Match input SMILES strings against chemical class definitions using substructure searching. Results include the matched class and structural similarity metrics.
Examples:
Usage
smartclass searchclasses [OPTIONS]
Options
- -c, --classes-file <classes_file>
TSV file with chemical class definitions (class, structure columns).
- -d, --classes-name-id <classes_name_id>
Column name for class identifiers.
- Default:
'class'
- -e, --classes-name-smarts <classes_name_smarts>
Column name for SMARTS patterns.
- Default:
'structure'
- -f, --include-hierarchy, --no-hierarchy
Use chemical hierarchy for faster BFS-based searching.
- -i, --input-smiles <input_smiles>
Input file containing SMILES (CSV/TSV with ‘smiles’ column).
- -s, --smiles <smiles>
SMILES string(s) to classify. Can be specified multiple times.
- -z, --closest-only, --all-matches
Return only closest matching class per structure.
searchclasses-all-sources
Classify structures against SMARTS, SMILES, and CXSMILES class sources.

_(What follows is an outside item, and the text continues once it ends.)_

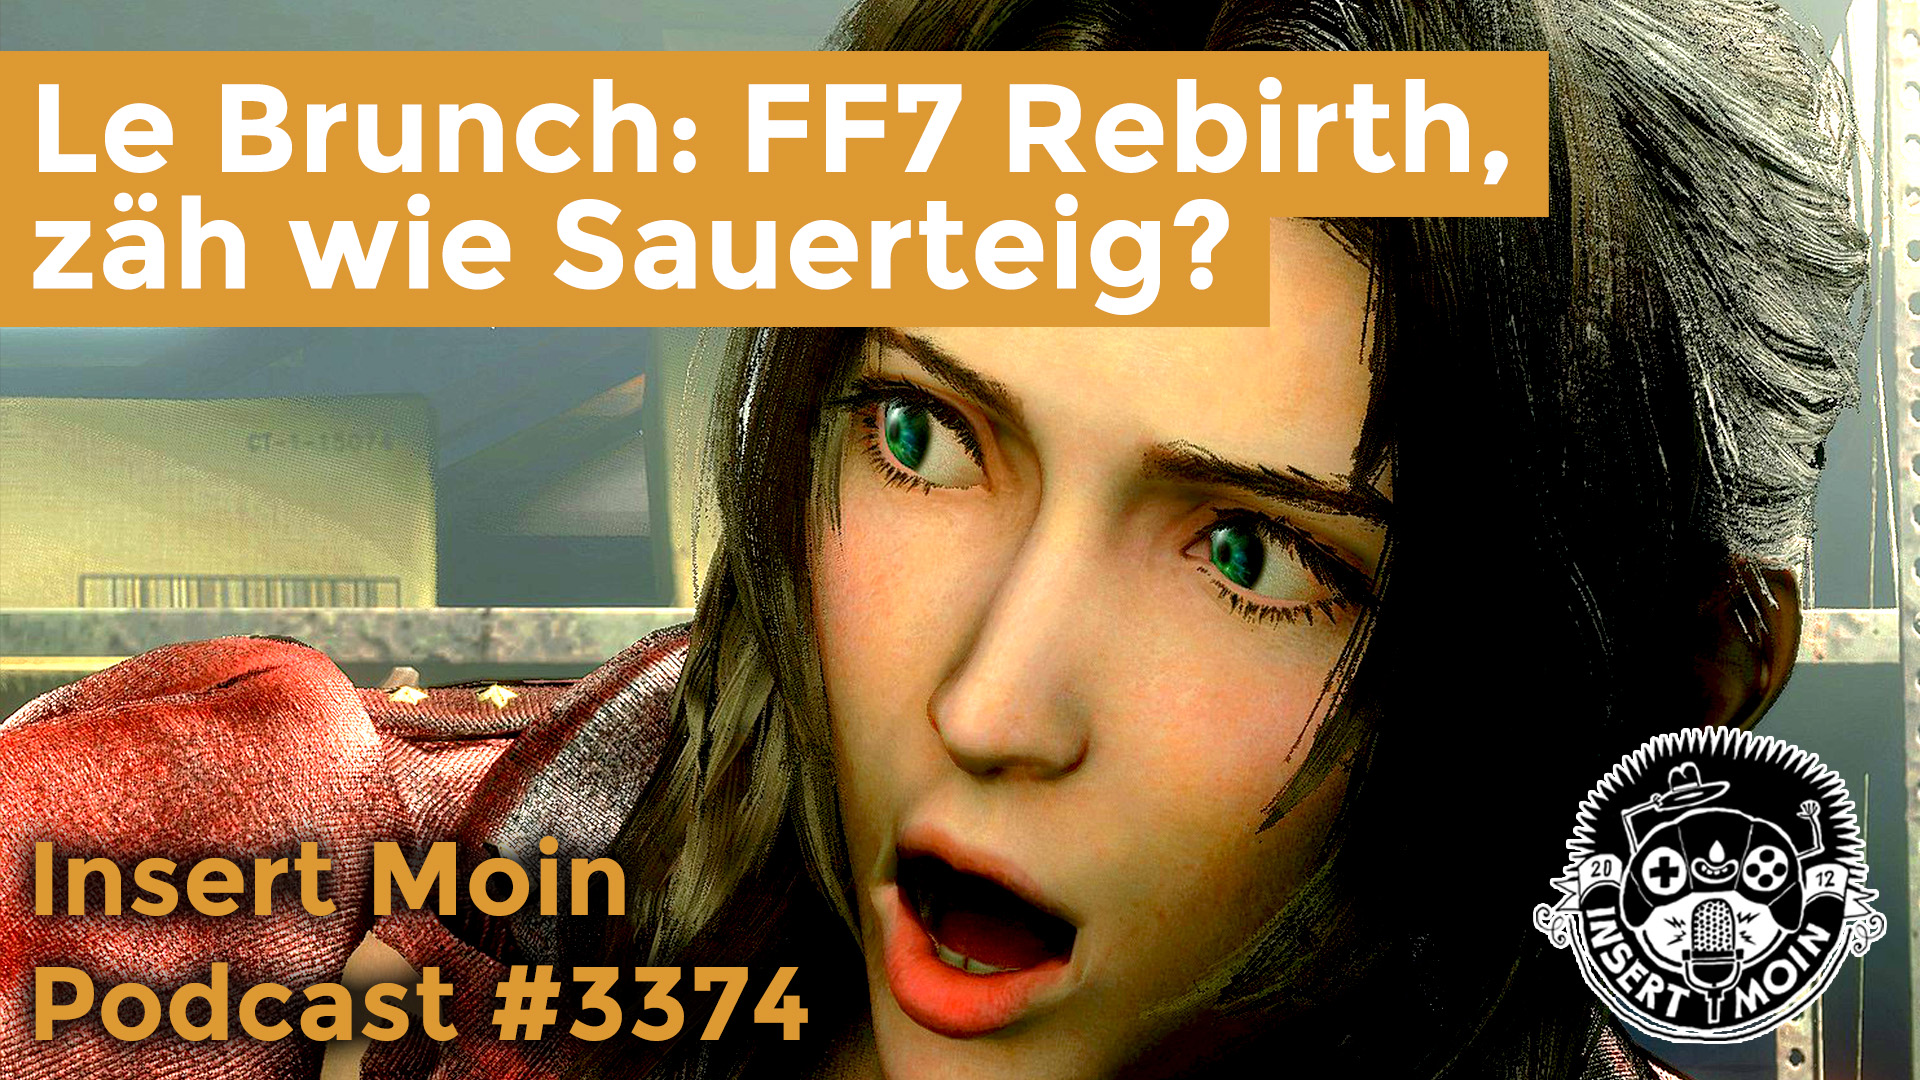 Le Brunch: FF7 Rebirth, zäh wie Sauerteig?

This command runs three classification passes and combines the results, adding a class_source field (smarts, smiles, cxsmiles).
Usage
smartclass searchclasses-all-sources [OPTIONS]
Options
- --classes-smarts-file <classes_smarts_file>
TSV file with SMARTS-based class definitions.
- Default:
PosixPath('scratch/wikidata_classes_smarts.tsv')
- --classes-smiles-file <classes_smiles_file>
TSV file with SMILES-based class definitions.
- Default:
PosixPath('scratch/wikidata_classes_smiles.tsv')
- --classes-cxsmiles-file <classes_cxsmiles_file>
TSV file with CXSMILES-based class definitions.
- Default:
PosixPath('scratch/wikidata_classes_cxsmiles.tsv')
- -f, --include-hierarchy, --no-hierarchy
Use chemical hierarchy for faster BFS-based searching.
- -i, --input-smiles <input_smiles>
Input file containing SMILES (CSV/TSV with ‘smiles’ column).
- -s, --smiles <smiles>
SMILES string(s) to classify. Can be specified multiple times.
- -z, --closest-only, --all-matches
Return only closest matching class per structure.
- --output-dir <output_dir>
Directory for combined output files.